**DATA SECTION:**
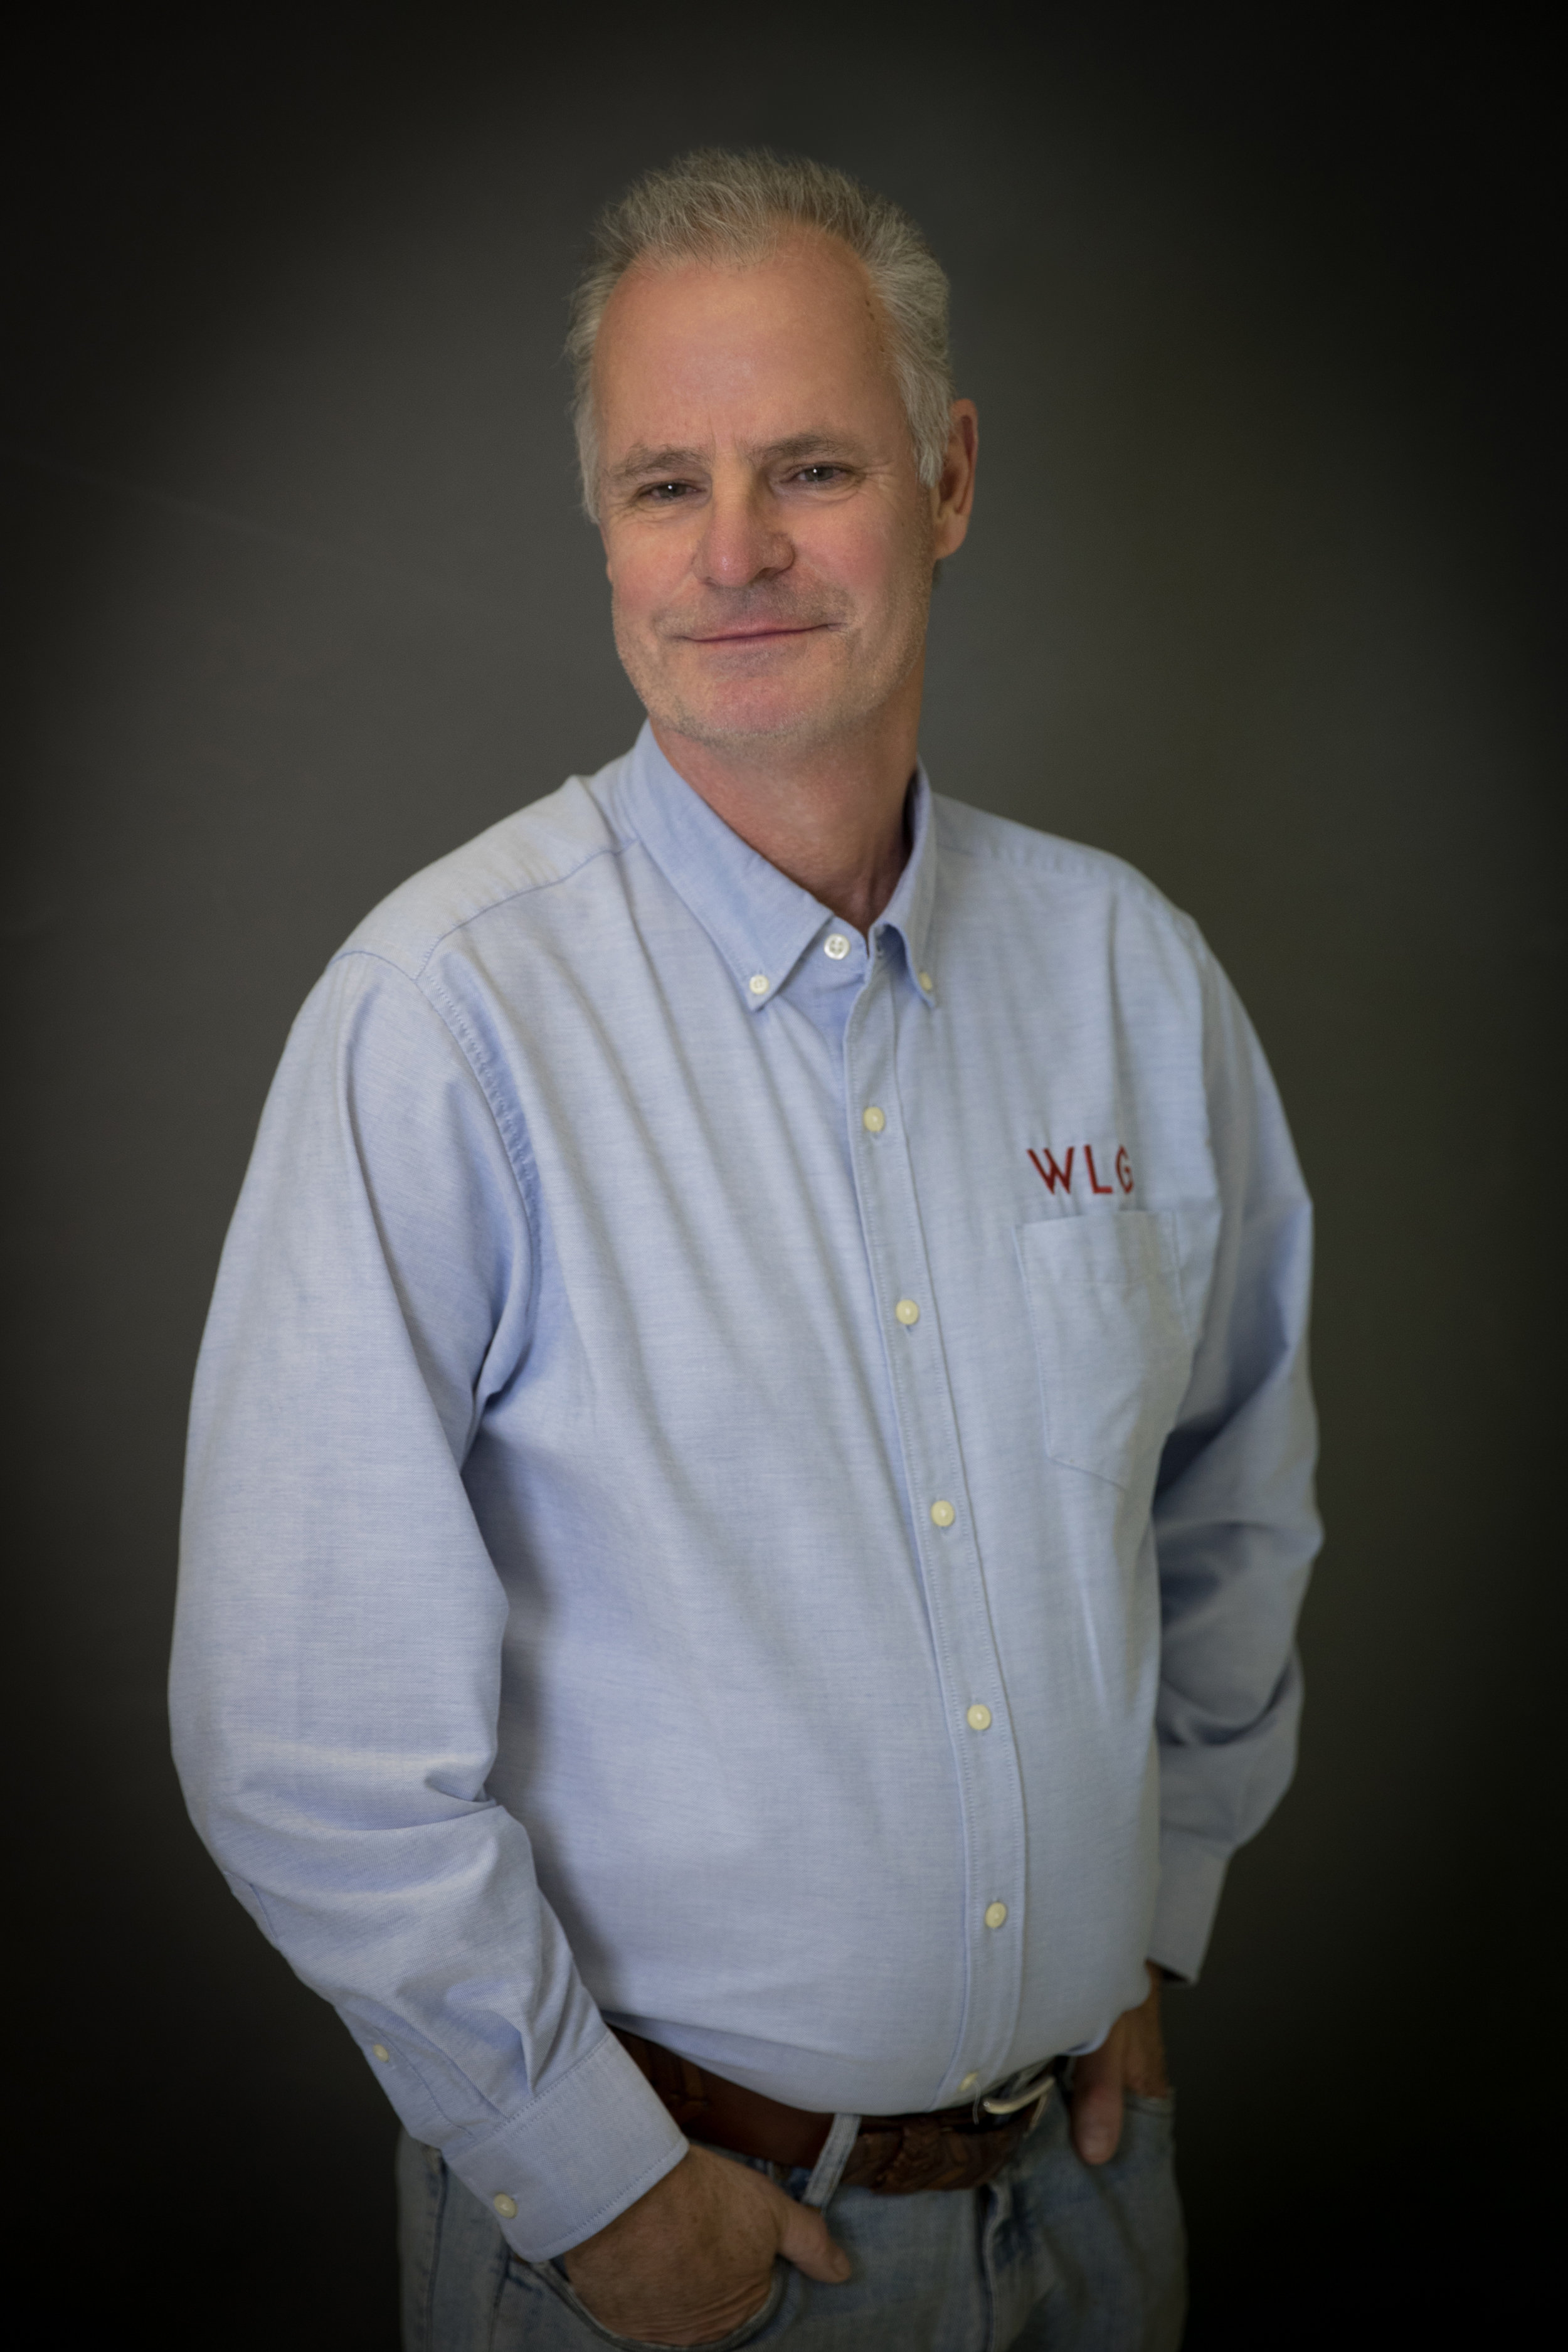 Neil Whitehouse, Business Development
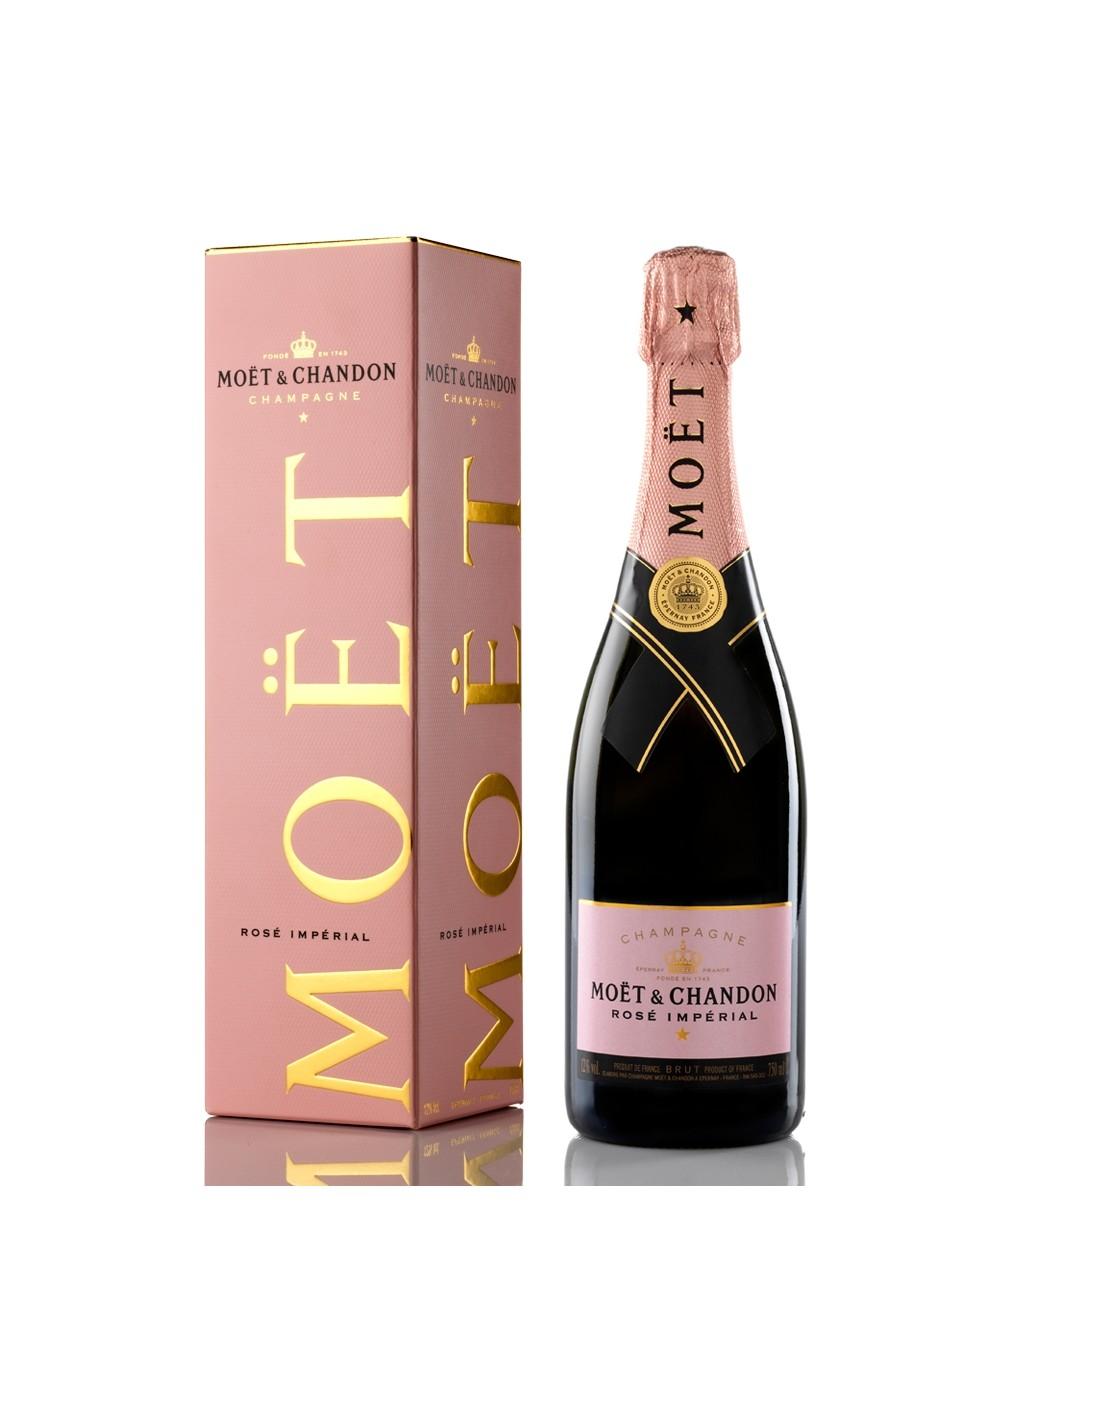 Sampanie roze, Moët & Chandon Rosé Imperial Champagne, 0.75L, 12% alc., Franta
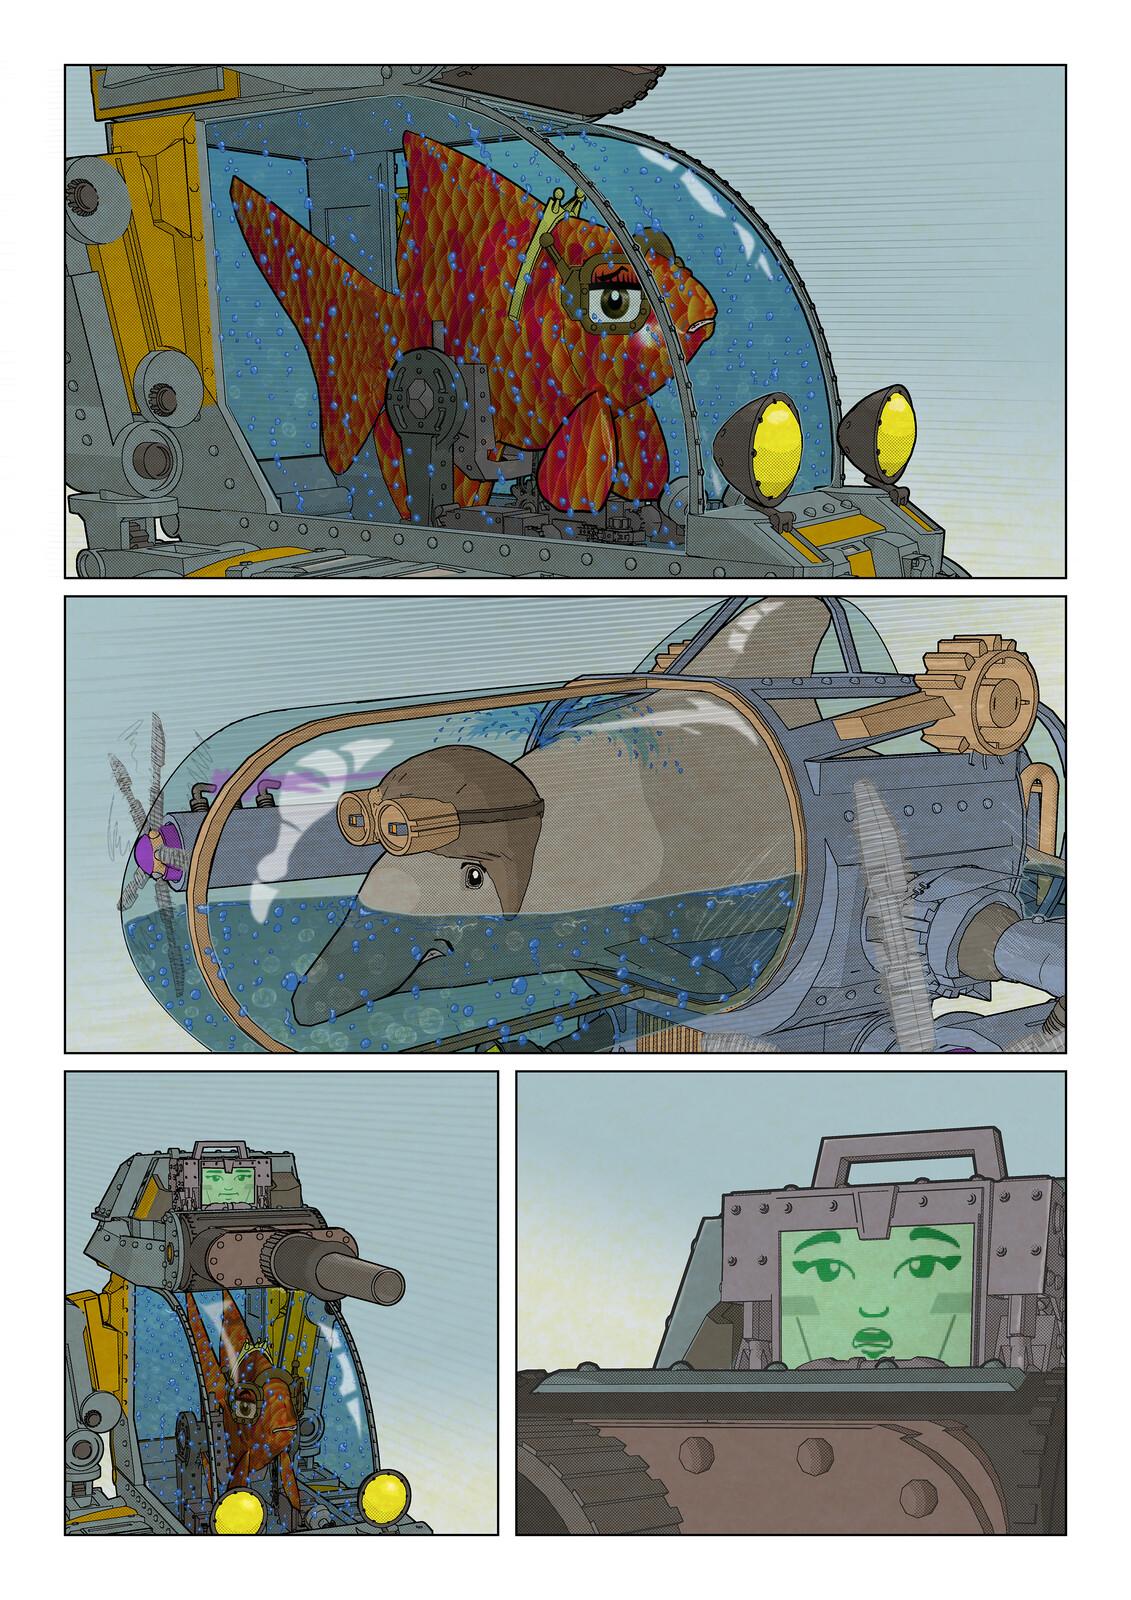 FishTank & Dolphinarium - comic page 3

**WORK REQUEST:**
Transcribe the listing above in full. Pictures are not part of the copy.

**OUTPUT FOR THIS EXERCISE:**
 Neil Whitehouse, Business Development
 Sampanie roze, Moët & Chandon Rosé Imperial Champagne, 0.75L, 12% alc., Franta
 FishTank & Dolphinarium - comic page 3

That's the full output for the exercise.